Drawbacks? On a hot day they can get too hot – but no worse than any other welly. But if you want a pair for walking the dog on a cold winter’s morning get the Arctic Sport (which are fleece-lined inside the neoprene); and if you want a year-round allrounder the Muckmaster (shown, previously known as the Tayboot) is what you need. [And try and avoid green. Black is the new black after all. Darling.]

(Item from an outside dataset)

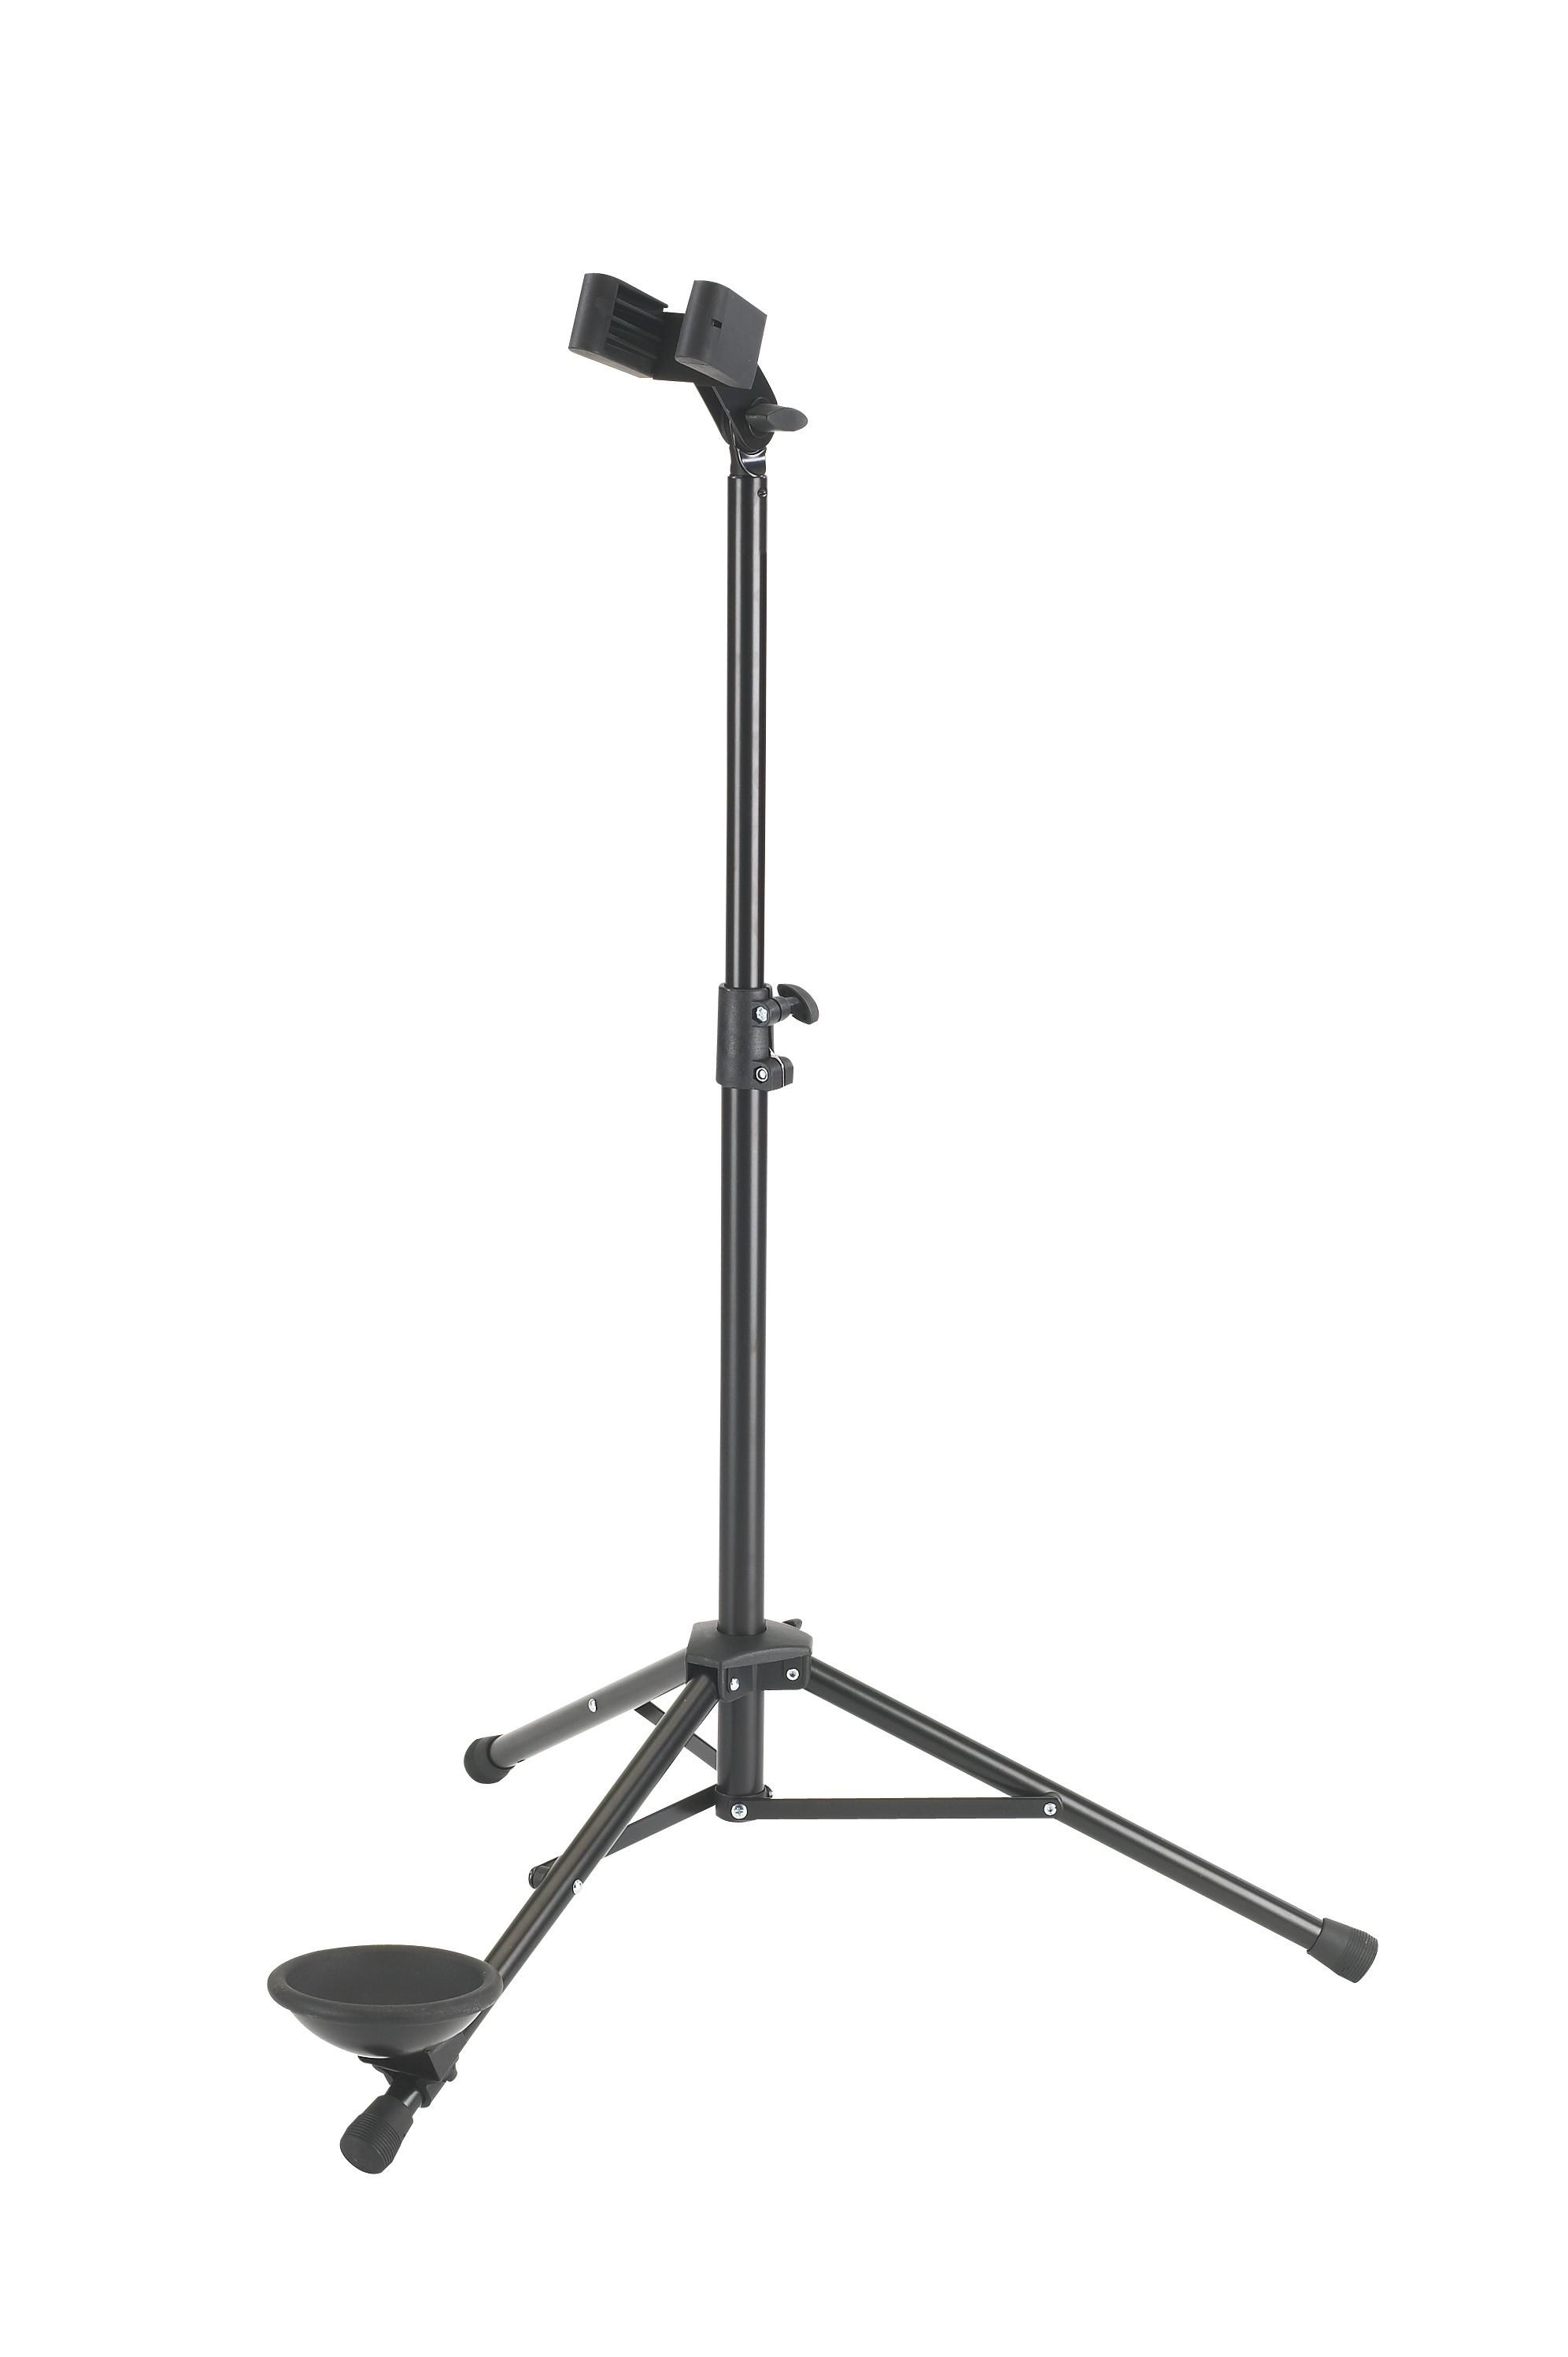 Konig & Meyer 150/1 Bassoon Stand

And, coming back to drawbacks, the price. £80-ish is ballpark. But, and here’s the thing: they should last just as long as an average pair of walking boots, which cost the same or more if you get a waterproof pair. And if you’re birding iris beds and wet ditches in the autumn – and let’s face it, where else would you be birding in autumn? – wellies and overtrousers are de rigueur. Walking boots, gaiters and overtrousers, or any combination thereof, just don’t cut it.
In short, dear reader, the modern birding dandy is wearing Muckboots. You simply can’t afford not to!